Exercise requirements =
Write down exactly the lines of the records below, beginning with the first and ending with the line that includes "Brunette woman wearing".

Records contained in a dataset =
◆ ◆ ◆ ◆ ◆ ◆ ◆

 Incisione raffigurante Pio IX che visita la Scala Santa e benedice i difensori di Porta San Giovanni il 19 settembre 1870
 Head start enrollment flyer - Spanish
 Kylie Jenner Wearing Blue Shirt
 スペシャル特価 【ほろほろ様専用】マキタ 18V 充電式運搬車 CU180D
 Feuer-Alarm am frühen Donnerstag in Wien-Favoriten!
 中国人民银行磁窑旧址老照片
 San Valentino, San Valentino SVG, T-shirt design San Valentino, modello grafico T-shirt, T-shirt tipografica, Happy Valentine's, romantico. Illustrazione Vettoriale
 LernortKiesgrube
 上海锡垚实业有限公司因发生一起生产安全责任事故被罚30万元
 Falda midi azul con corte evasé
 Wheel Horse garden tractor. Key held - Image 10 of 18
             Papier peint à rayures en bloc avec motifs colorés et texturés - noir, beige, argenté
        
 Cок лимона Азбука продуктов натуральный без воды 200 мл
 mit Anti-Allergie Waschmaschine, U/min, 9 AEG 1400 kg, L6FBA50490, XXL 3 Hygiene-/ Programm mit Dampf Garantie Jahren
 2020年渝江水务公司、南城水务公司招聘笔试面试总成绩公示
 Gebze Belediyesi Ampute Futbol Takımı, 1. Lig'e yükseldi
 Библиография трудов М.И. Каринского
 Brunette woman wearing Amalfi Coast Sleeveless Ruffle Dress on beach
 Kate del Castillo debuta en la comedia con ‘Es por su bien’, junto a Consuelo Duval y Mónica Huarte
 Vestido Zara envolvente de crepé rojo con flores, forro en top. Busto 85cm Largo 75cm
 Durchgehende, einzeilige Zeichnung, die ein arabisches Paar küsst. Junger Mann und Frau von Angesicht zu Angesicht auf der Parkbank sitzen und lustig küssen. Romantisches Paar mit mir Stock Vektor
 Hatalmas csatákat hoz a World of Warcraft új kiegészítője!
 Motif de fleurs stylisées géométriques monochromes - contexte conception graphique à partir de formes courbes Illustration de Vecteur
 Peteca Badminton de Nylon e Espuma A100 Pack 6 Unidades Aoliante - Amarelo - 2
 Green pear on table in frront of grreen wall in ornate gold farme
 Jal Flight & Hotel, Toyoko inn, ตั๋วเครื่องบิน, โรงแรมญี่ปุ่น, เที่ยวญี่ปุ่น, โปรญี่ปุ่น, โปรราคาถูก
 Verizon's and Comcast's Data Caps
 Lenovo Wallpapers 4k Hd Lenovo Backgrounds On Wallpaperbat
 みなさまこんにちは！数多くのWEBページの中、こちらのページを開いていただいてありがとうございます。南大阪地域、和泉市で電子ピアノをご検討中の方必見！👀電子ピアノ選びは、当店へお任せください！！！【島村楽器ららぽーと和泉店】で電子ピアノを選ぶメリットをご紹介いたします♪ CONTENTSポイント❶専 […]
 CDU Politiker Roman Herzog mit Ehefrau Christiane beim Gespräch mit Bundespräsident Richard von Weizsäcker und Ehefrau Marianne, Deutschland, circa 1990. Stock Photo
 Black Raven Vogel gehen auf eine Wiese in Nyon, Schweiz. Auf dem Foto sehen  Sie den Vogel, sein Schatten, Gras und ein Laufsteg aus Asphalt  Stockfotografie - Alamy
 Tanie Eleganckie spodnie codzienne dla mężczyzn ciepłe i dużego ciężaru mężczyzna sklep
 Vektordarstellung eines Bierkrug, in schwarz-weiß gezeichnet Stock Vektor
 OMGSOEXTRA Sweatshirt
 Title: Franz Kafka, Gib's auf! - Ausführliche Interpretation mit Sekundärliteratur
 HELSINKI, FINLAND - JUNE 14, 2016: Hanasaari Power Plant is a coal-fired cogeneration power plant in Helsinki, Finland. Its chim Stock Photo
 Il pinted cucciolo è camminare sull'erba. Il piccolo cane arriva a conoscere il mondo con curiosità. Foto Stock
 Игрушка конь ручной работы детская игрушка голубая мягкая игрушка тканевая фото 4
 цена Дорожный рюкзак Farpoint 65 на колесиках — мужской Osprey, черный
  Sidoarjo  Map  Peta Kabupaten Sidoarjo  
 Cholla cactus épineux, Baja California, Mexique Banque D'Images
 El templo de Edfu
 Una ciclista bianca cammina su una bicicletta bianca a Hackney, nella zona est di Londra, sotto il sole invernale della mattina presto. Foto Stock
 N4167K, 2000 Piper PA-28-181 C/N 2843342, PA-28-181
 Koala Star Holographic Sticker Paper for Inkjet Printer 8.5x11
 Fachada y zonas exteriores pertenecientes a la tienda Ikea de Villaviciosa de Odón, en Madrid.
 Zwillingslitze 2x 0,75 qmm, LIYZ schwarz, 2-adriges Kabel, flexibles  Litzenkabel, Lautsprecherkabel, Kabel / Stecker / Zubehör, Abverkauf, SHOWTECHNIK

◆ ◆ ◆ ◆ ◆ ◆ ◆

Answer for the task =
 Incisione raffigurante Pio IX che visita la Scala Santa e benedice i difensori di Porta San Giovanni il 19 settembre 1870
 Head start enrollment flyer - Spanish
 Kylie Jenner Wearing Blue Shirt
 スペシャル特価 【ほろほろ様専用】マキタ 18V 充電式運搬車 CU180D
 Feuer-Alarm am frühen Donnerstag in Wien-Favoriten!
 中国人民银行磁窑旧址老照片
 San Valentino, San Valentino SVG, T-shirt design San Valentino, modello grafico T-shirt, T-shirt tipografica, Happy Valentine's, romantico. Illustrazione Vettoriale
 LernortKiesgrube
 上海锡垚实业有限公司因发生一起生产安全责任事故被罚30万元
 Falda midi azul con corte evasé
 Wheel Horse garden tractor. Key held - Image 10 of 18
             Papier peint à rayures en bloc avec motifs colorés et texturés - noir, beige, argenté
        
 Cок лимона Азбука продуктов натуральный без воды 200 мл
 mit Anti-Allergie Waschmaschine, U/min, 9 AEG 1400 kg, L6FBA50490, XXL 3 Hygiene-/ Programm mit Dampf Garantie Jahren
 2020年渝江水务公司、南城水务公司招聘笔试面试总成绩公示
 Gebze Belediyesi Ampute Futbol Takımı, 1. Lig'e yükseldi
 Библиография трудов М.И. Каринского
 Brunette woman wearing Amalfi Coast Sleeveless Ruffle Dress on beach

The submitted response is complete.